Topic: a monadicity theorem

Lucas Queiroz (he/him/his) (May 31 2022 at 02:57):

I would like to prove that if $U: \mathcal{D} \rightarrow \mathcal{C}$ is a functor with left and adjoint $F: \mathcal{C} \rightarrow \mathcal{D}$ and:

$\begin{enumerate}
\item $U$ reflects isomorphisms
\item $\mathcal{D}$ has coequalizers of reflexive pairs
\item $U$ preserves coequalizers of reflexive pairs
\end{enumerate}$

then the adjunction $F \vdash U$ is a monadic adjunction.

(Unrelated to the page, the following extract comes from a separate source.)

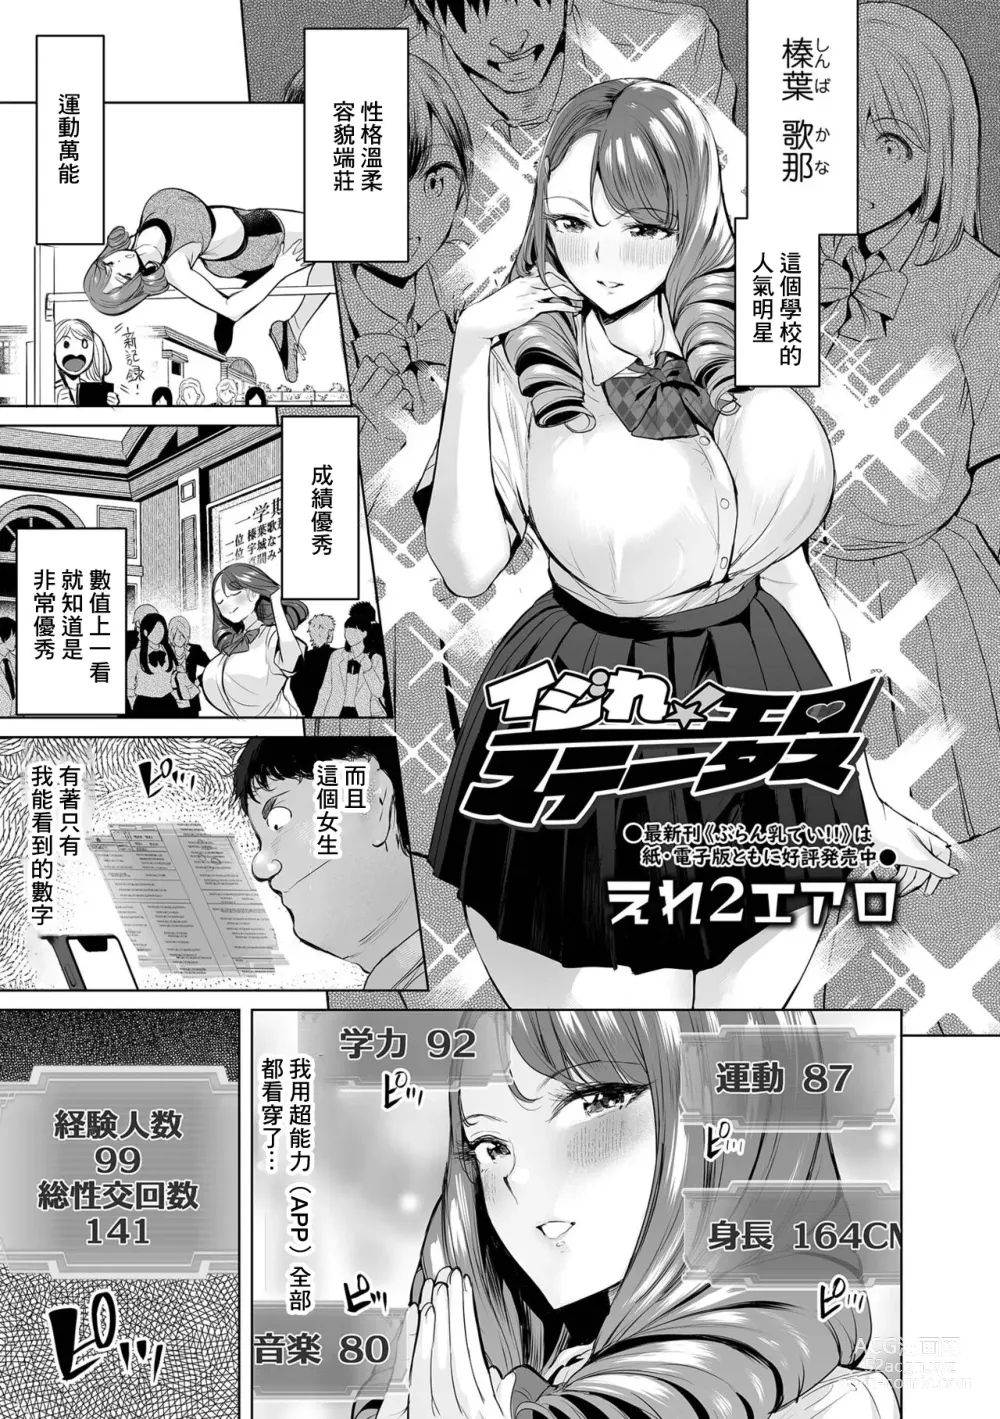 Page 1 of manga Ijire! Ero Status

Under these assumptions, I can prove that the canonical comparison functor $K: \mathcal{D} \rightarrow \mathcal{C}^{UF}$ is essentially surjective. Given an algebra $\gamma: UFC \rightarrow C$ , the parallel pair $\varepsilon_{FC}, F\gamma: FUFC \rightarrow FC$ is reflexive because $F\eta_C: FC \rightarrow FUFC$ is a section of both. It follows that there is a coequalizer $h: FC \rightarrow D$ for the pair $\varepsilon_{FC}, F\gamma$ .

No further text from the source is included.